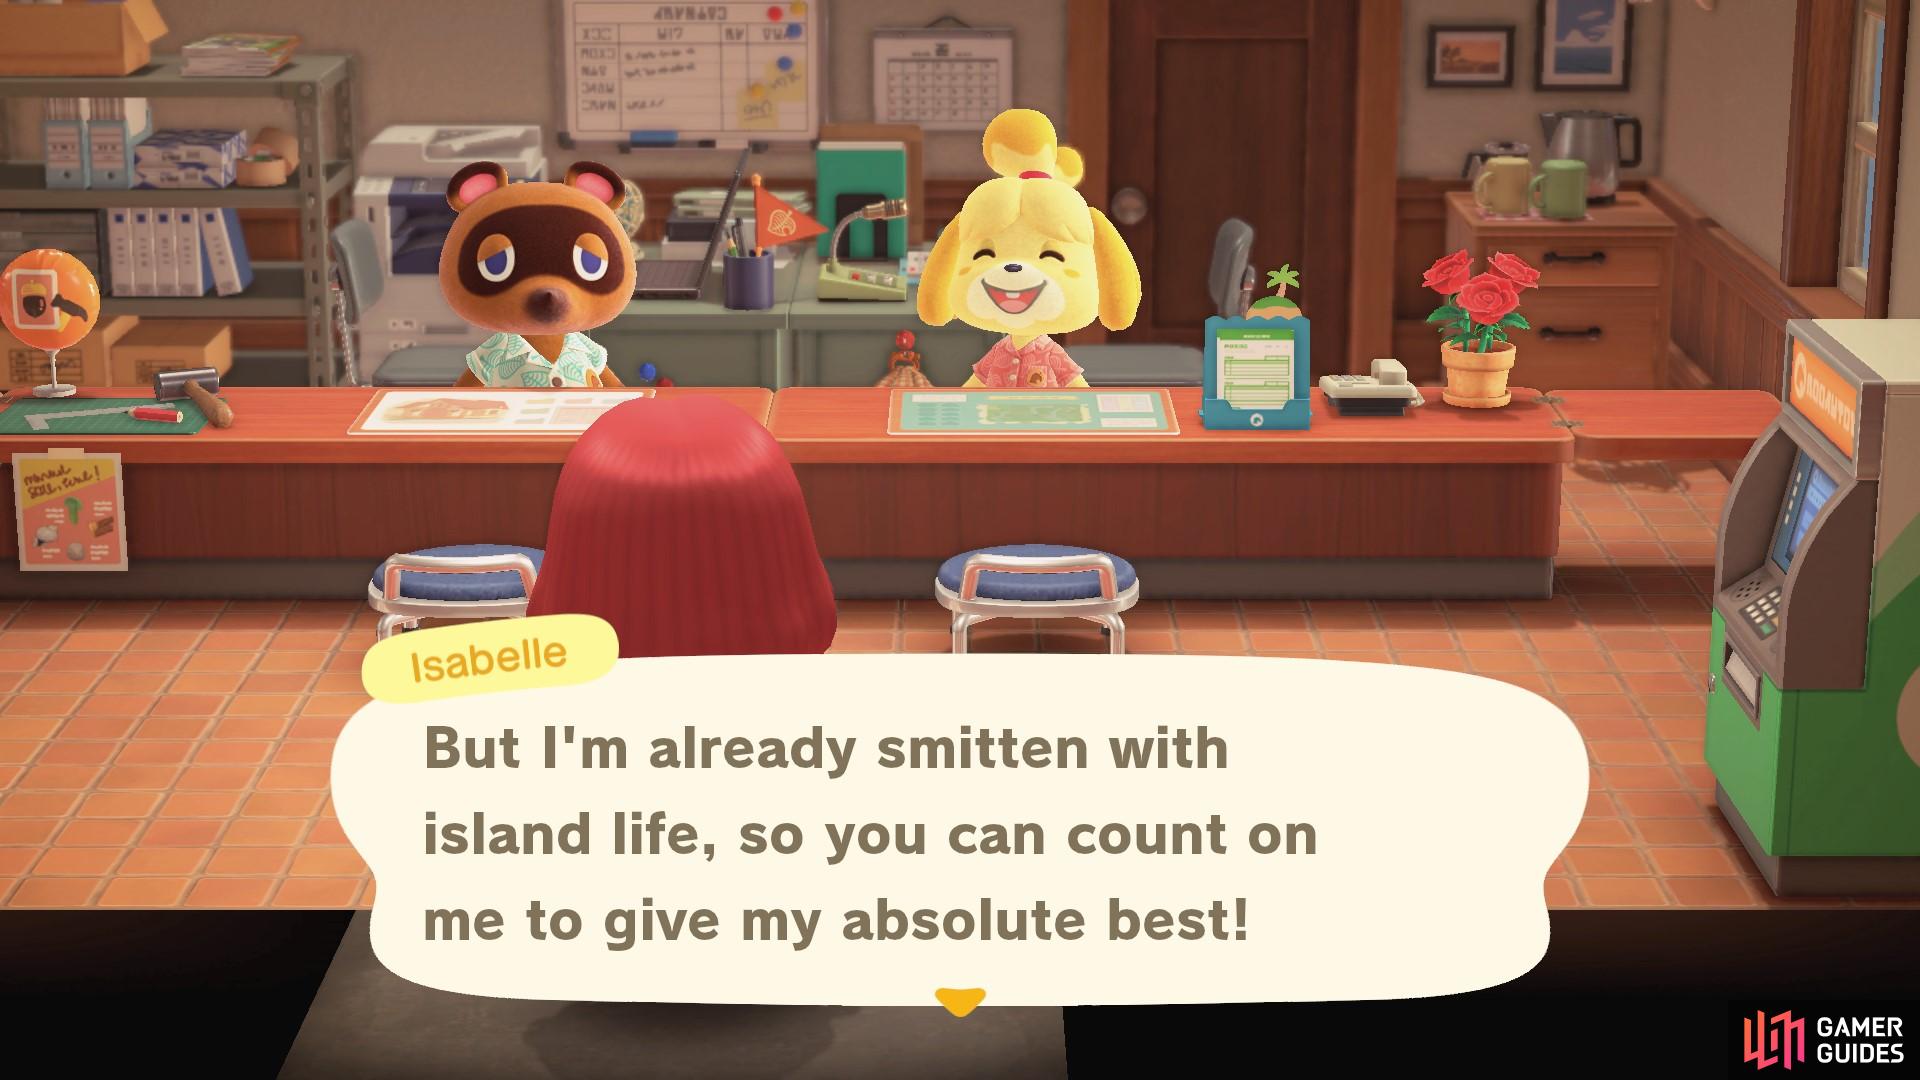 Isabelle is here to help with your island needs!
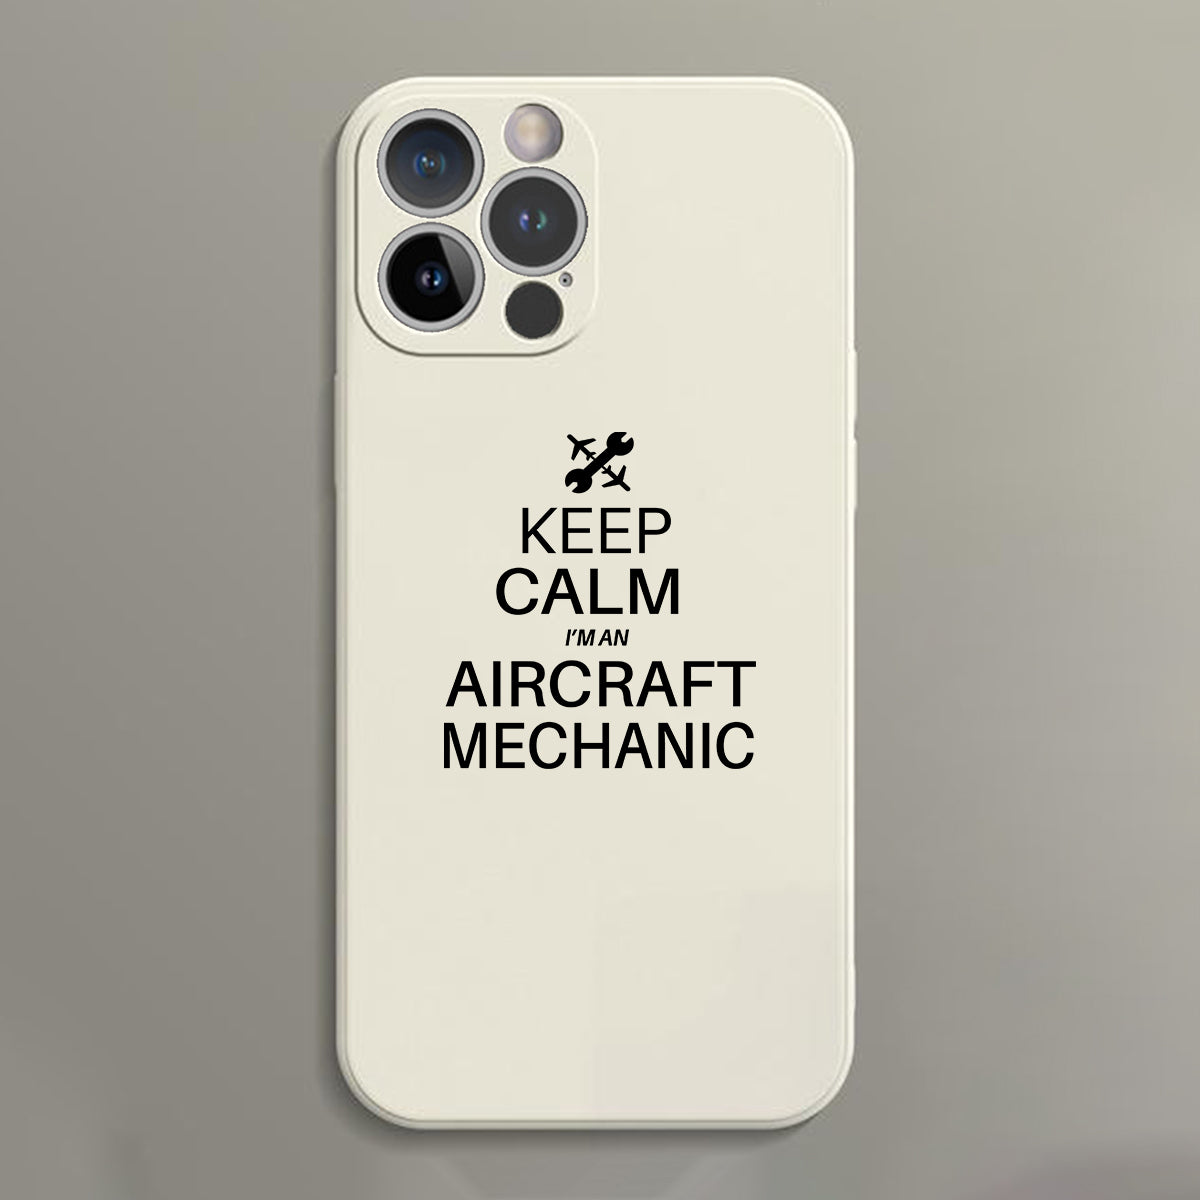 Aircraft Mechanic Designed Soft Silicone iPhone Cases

* * *

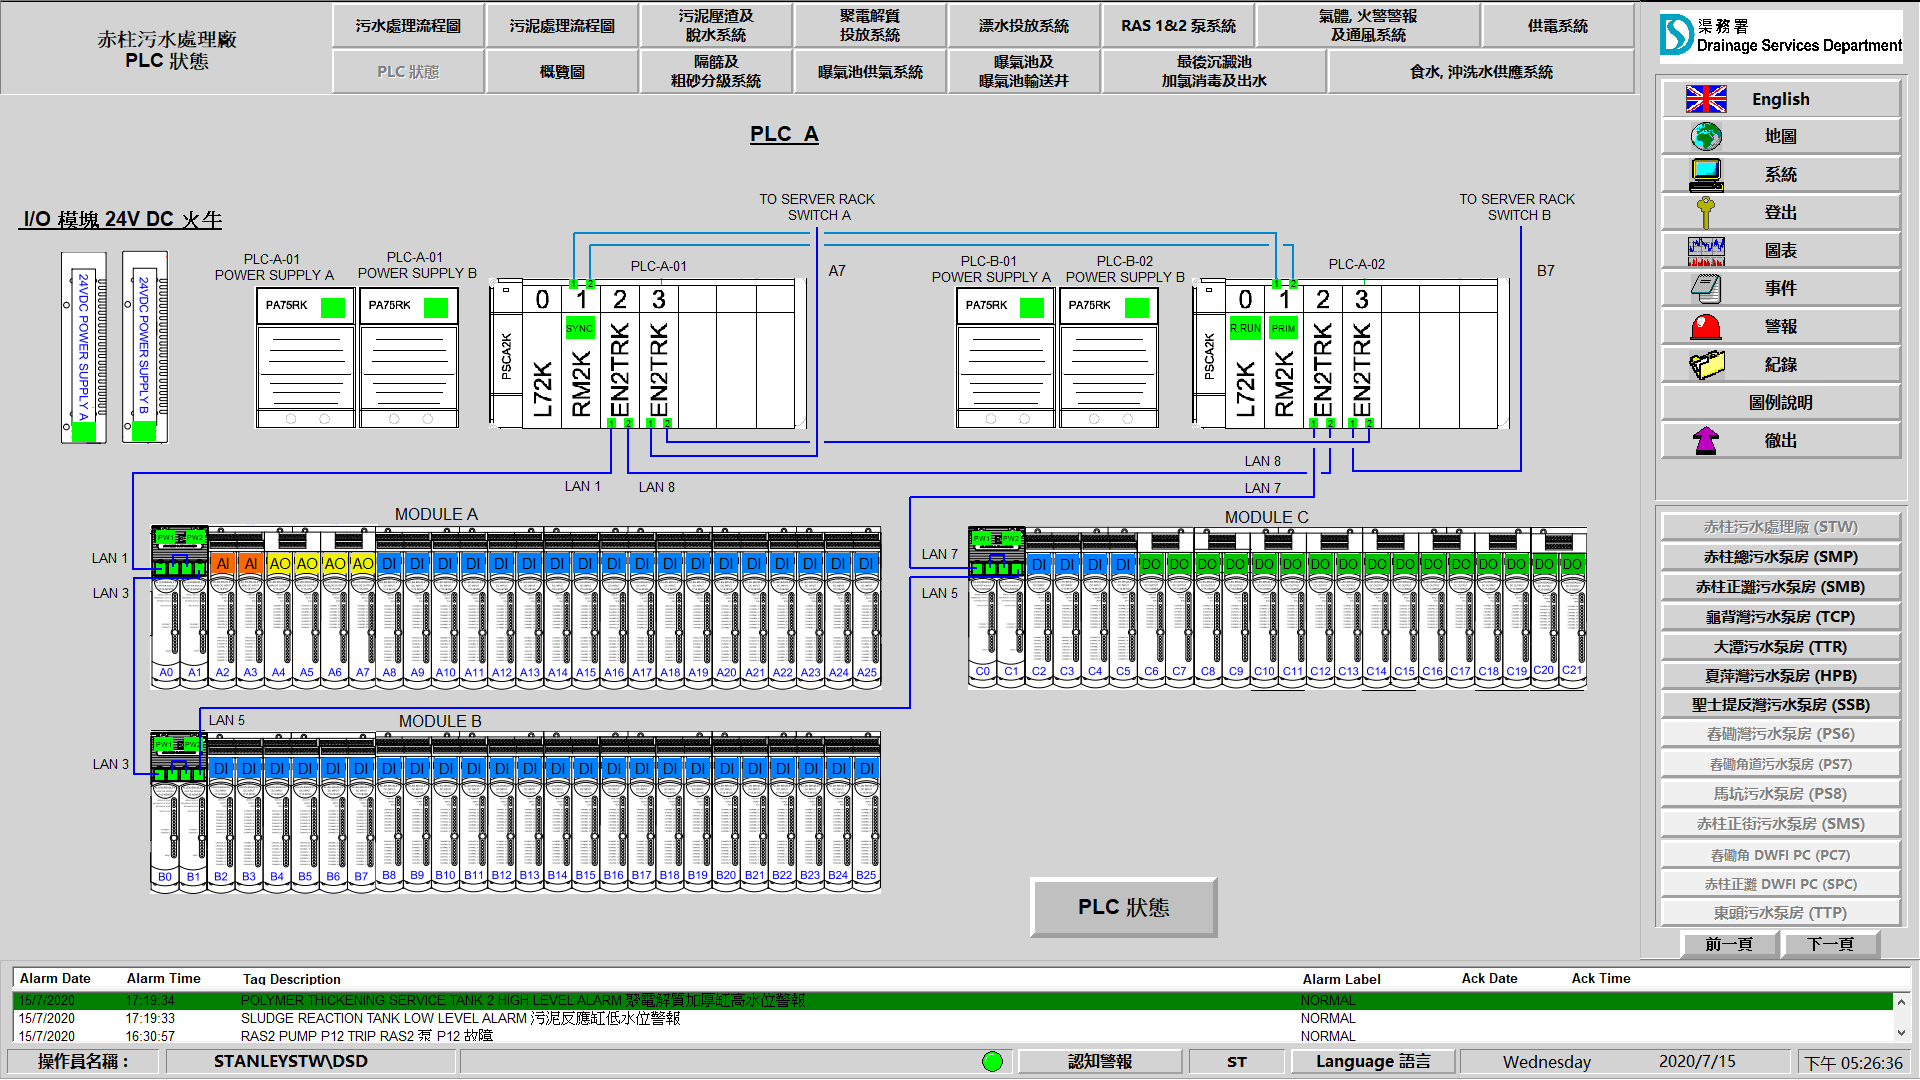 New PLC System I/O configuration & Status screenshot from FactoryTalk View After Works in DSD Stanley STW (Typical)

__Instructions for the task__:
What is needed is an exact copy of the lines above, from the one holding "Isabelle is here" down to the one holding "Aircraft Mechanic Designed", with those two included and the pictures left out.

__Answer to the exercise__:
 Isabelle is here to help with your island needs!
 Aircraft Mechanic Designed Soft Silicone iPhone Cases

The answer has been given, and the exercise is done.